Gromov-Hausdroff convergence for Alexandrov spaces

Question

Let $\{X_n\}_{n=1}^\infty$ be a sequence of compact Alexandrov spaces (with curvature $\geq k$) converging to (in the sense of Gromov-Hausdroff convergence) an Alexandrov spaces $X$, and $f_n:X_n\mapsto X$ is the corresponding $\nu-$ approximation. The set of regular points in $X_n$ is denoted by $R_n$.

Question: (1) When $n$ sufficiently large, can we prove that $f_n$ is Lipschitz continuous on $R_n$ ? Or a weaker conclusion: $f_n$ is Lipschitz continuous on some $Y_n\subset R_n$ with $\mathrm{vol}(R_n-Y_n)=o(1)$ ,as $n\to\infty$ ?

(2) If question (1) is not true, can we construct a $g_n:X_n\mapsto X$ (maybe related to f_n), such that $g_n$ is Lipschitz continuous on some $Y_n\subset R_n$ with $\mathrm{vol}(R_n-Y_n)=o(1)$ ,as $n\to\infty$ ?

Answer 1

The approximations $f_n$ (by def.) need not to be continuous, but you can approximate Lipschitz ones. I will give a hint how to prove such thing, as far as I know the statement is not written anywhere.

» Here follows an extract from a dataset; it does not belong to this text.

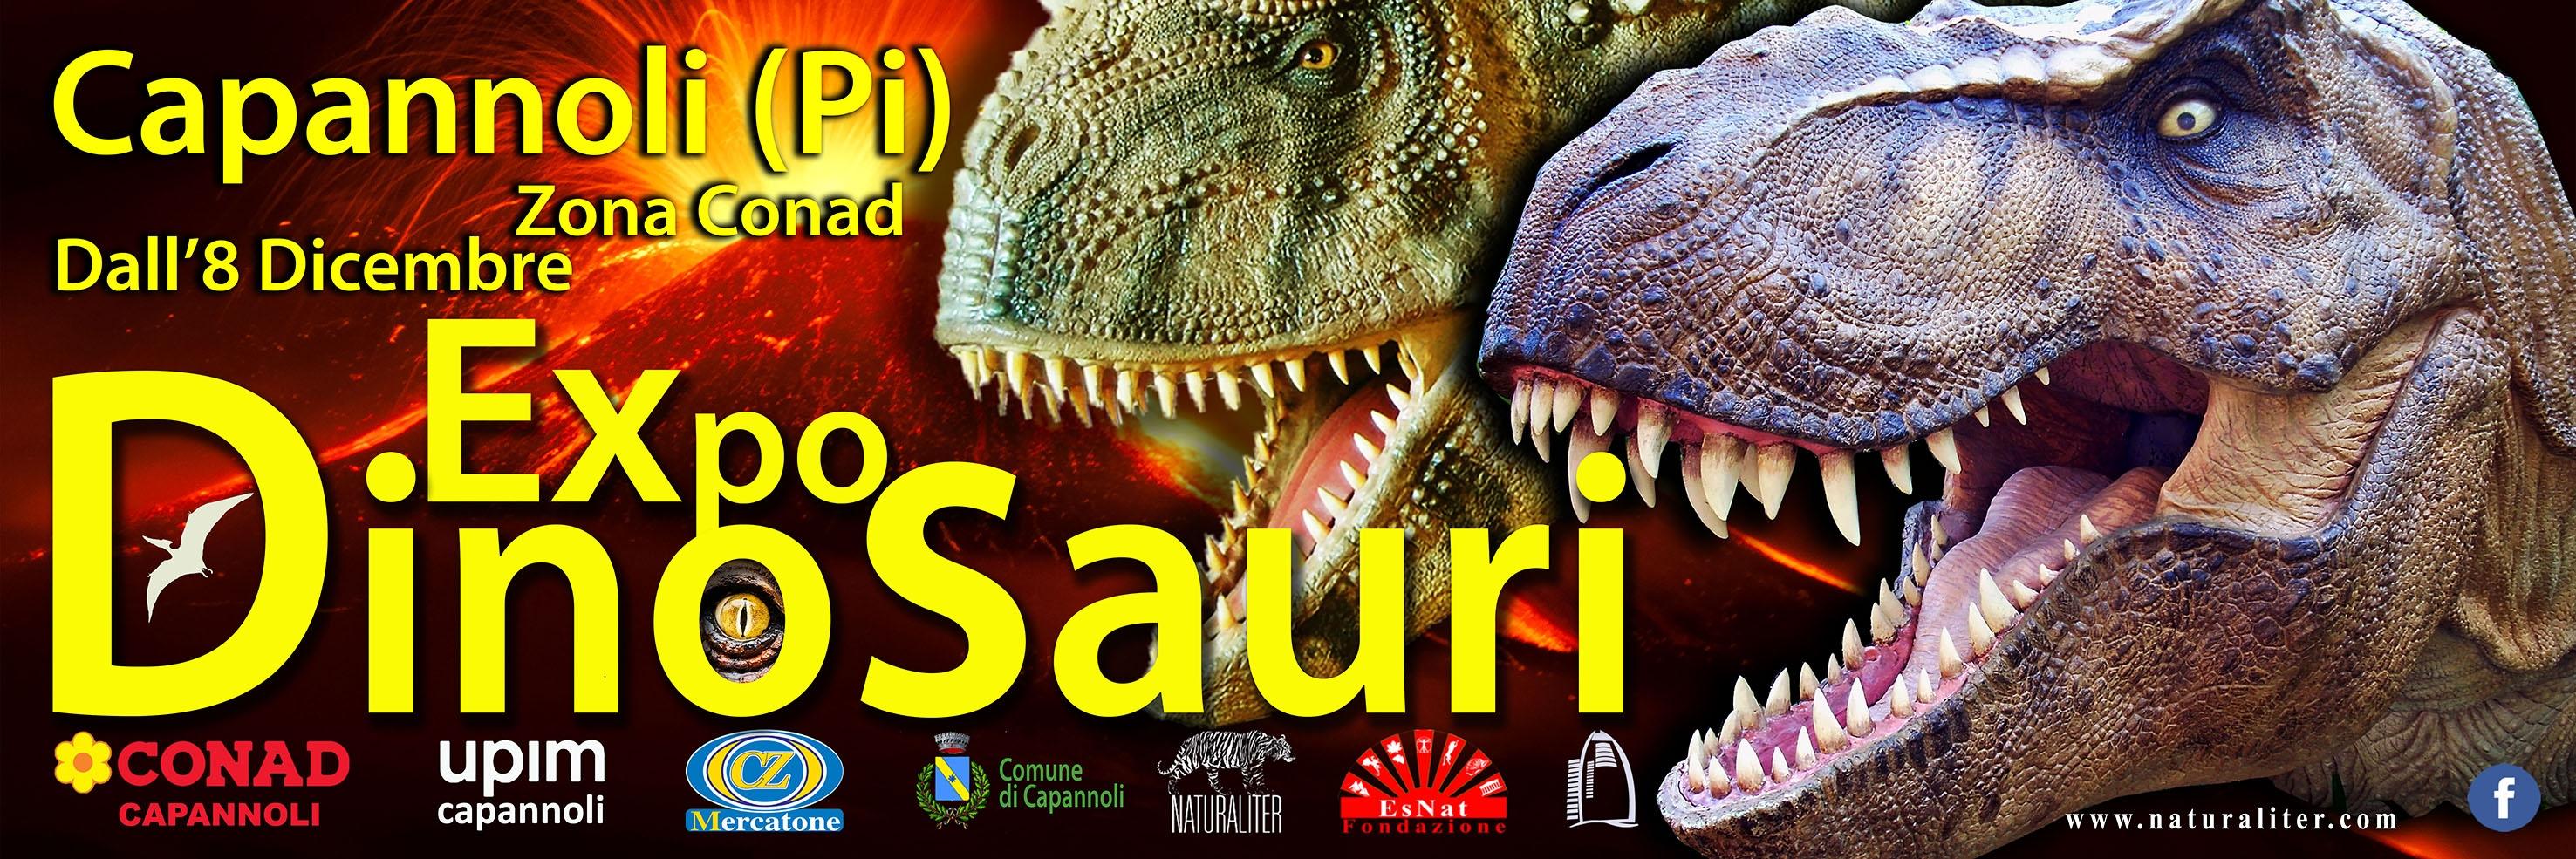 Expo dinosauri a Capannoli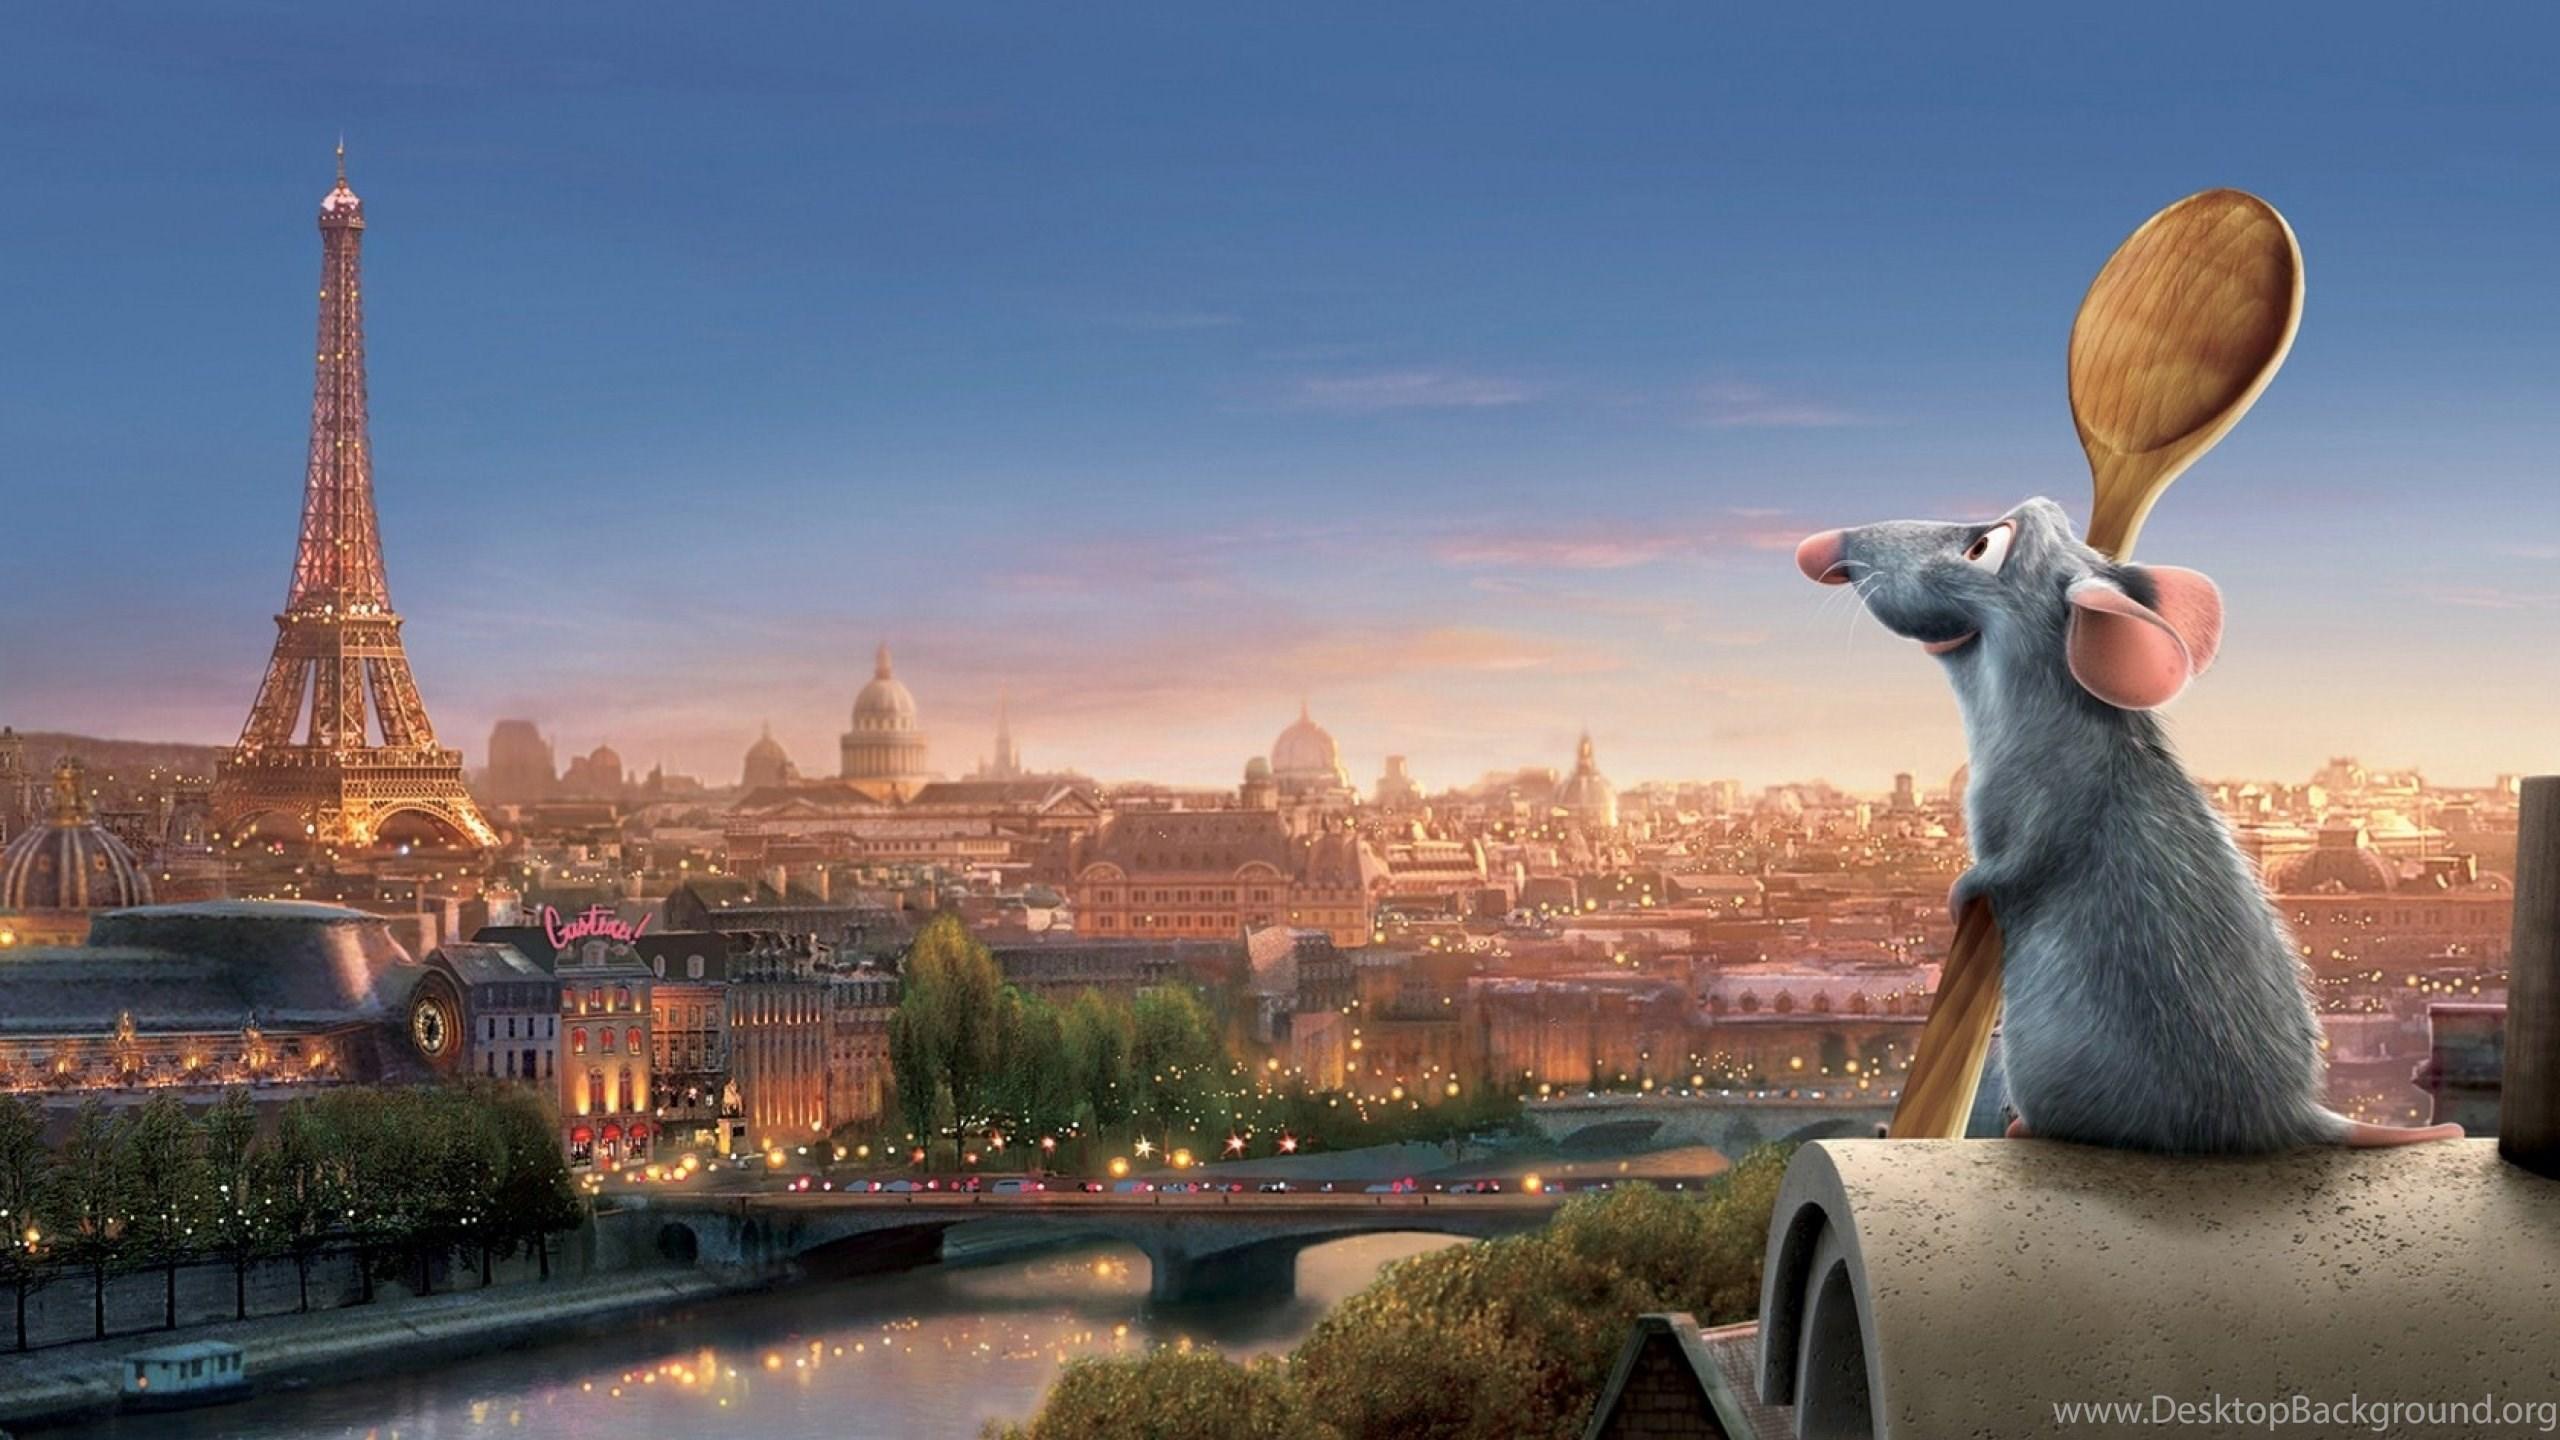 download wallpapers, download 2560x1600 pixar movies ratatouille

If $X$ is Riemannian the statement follows from Yamaguchi theorem and nearly the same proof works if all the tangent spaces of $X$ are close to Euclidean.

Now assume $X$ has an isolated strongly singular point $p$. Then the above argument gives an approximation which is Lipschitz approximations outside a fixed neighborhood of $p$. Contract all this neighborhood into $p$ and compose the resulting map with the approximation $X_n\to X$. This way you get a Lipschitz approximation.

The general case is none by backward induction on the dimension of strongly singular locus. Section 8 in my paper "Semiconcave functions..." should help. Good luck.